A: For the girls, I love Production Assistant Yano Erika (CV: Yamaoka Yuri). She’s really cute, and Director Mizushima has said that he would always want to do his best for somebody like her. For the guys, I like Episode Director Yamada Masashi (CV: Hamada Kenji). The production assistants and directing team work closely together and for the episodes Miyamori-san was in charge of, Yamada-san served as the episode director. He may be a fairly blunt and sullen person, but like in episode 2 where he goes “Aya-chin..” etc, he sometimes lets slip his hidden love for his characters (lol). It’s also nice to see how he shows his human compassion in episode 3. I love that contradiction between his character traits.

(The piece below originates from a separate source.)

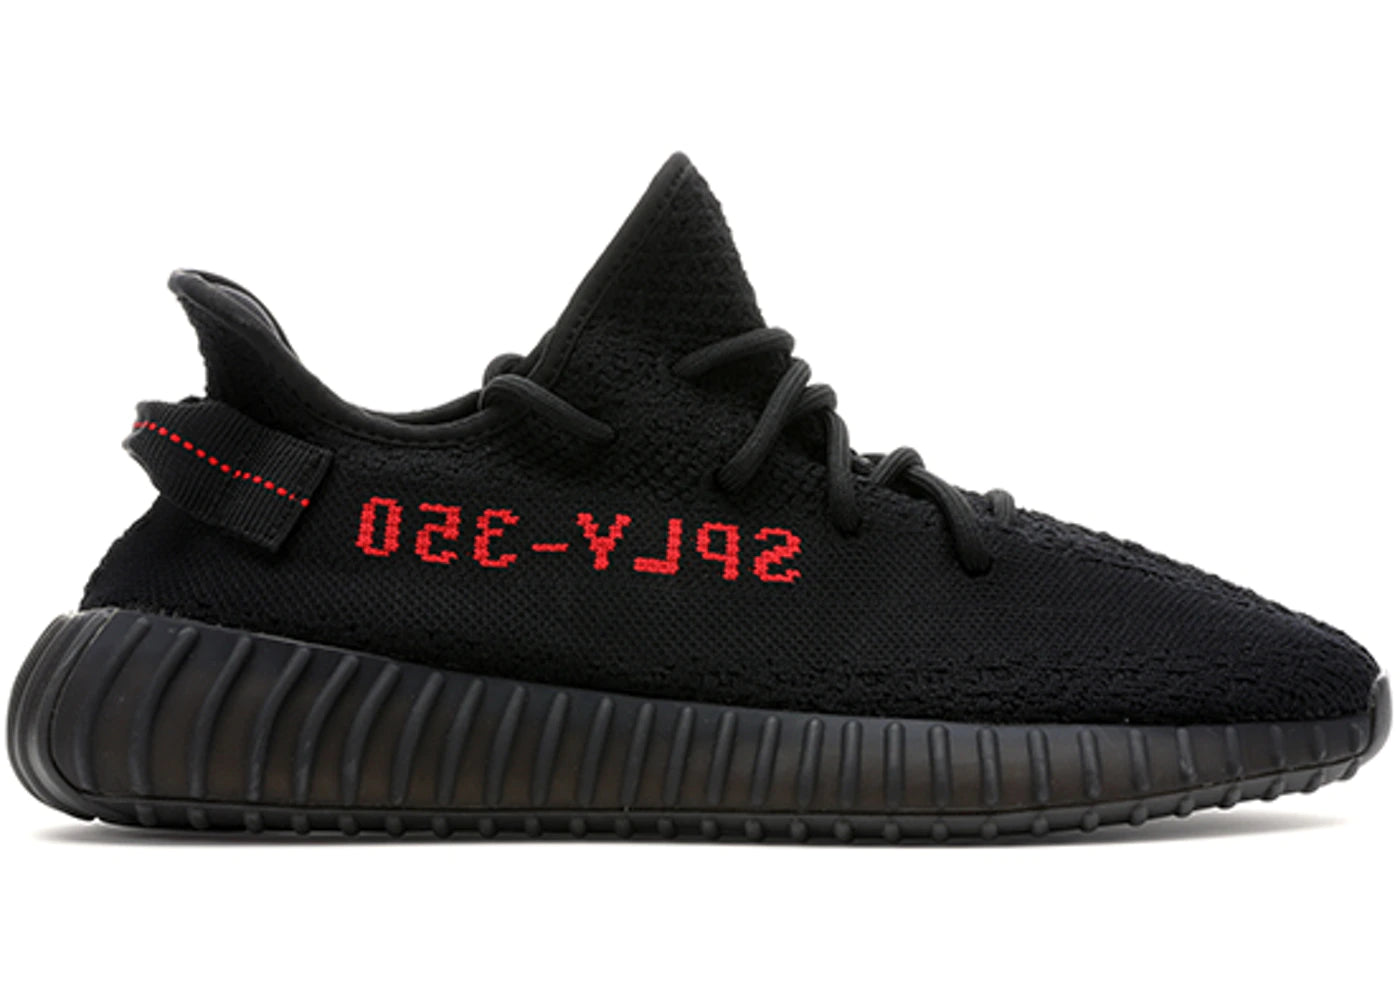 Adidas Yeezy Boost 350 V2 Black Red (2017/2020) - Used

Q: There really are so many characters in SHIROBAKO. How many are there in total?

A: At the moment, it’s about 20-30 people but there are more set to come in. Apparently double the number we have now.

Q: How many people take part in SHIROBAKO recordings?

A: Not all characters appear in every episode so there hasn’t been any one time where everyone has turned up. Usually it’s about 15-20? At the very least, we’ve never had a recording with less than 10 people.

Q: Please tell us about any fun things or failures that happened during recordings.

A: Hmmm, let me see. This isn’t a fun thing at all but…you know, the SHIROBAKO cast during recordings is huge, so there is a lot of switching in and out* going on. And then, I did something I really shouldn’t have done…

* there’re a limited number of mics for a huge number of people, so the seiyuu have to watch their timing when going up to say their lines so that they don’t impede on others.

Q: Is it OK to have this down on record?

A: Ah, maybe I’ll stop then (lol).

Q: So please keep it to a level with the minimum of details (lol).

A: So yeah. Takagi Wataru-san voices President Marukawa Masato, and there was once where he improvised his ad-libs so greatly when compared to the rehearsals that I burst out laughing, to the point where I couldn’t even say my lines (lol). Luckily it was just a test recording so it won’t make it to broadcast, but it was really awesome! The mood in the studio lightened up straight away.

Q: Are there any future events for SHIROBAKO that you’d like to do?

A: I did participate in one of the screening events. I really enjoyed being able to see the reactions of the audience directly. Therefore, I’d like to do another screening event with the rest of the cast and staff. I think the fans would have a lot of questions as well, so having the staff on hand to provide answers would allow everyone to appreciate the series even more.

Watch out for the CD of the theme song, a different version from what is played on TV!

Q: The SHIROBAKO CD will be released on 26th November.

A: Yes! The theme song CD will be released. It includes Ishida Yoko-san’s opening theme COLORFUL BOX, and the ending theme Animetic Love Letter performed by me, Yoshimura Haruka-san and Chisuga Haruka-san. Animetic Love Letter is written and composed by Momoi Halko-san and is a song that sounds sparkly and cute upon first listen, but when you hear it for the second time you might think – “Hmm?”, when you notice the unusual lyrics. It tells the story about being in love with anime. “Through the glass~”, or “In a 16:9 frame~” etc, these are lyrics that will put a smile on your face. Also, the arrangement isn’t the same as the TV size version’s, which brings a different feeling to the song. It’s a lot more sparkling and cheery than what you hear on the TV, so please listen to it.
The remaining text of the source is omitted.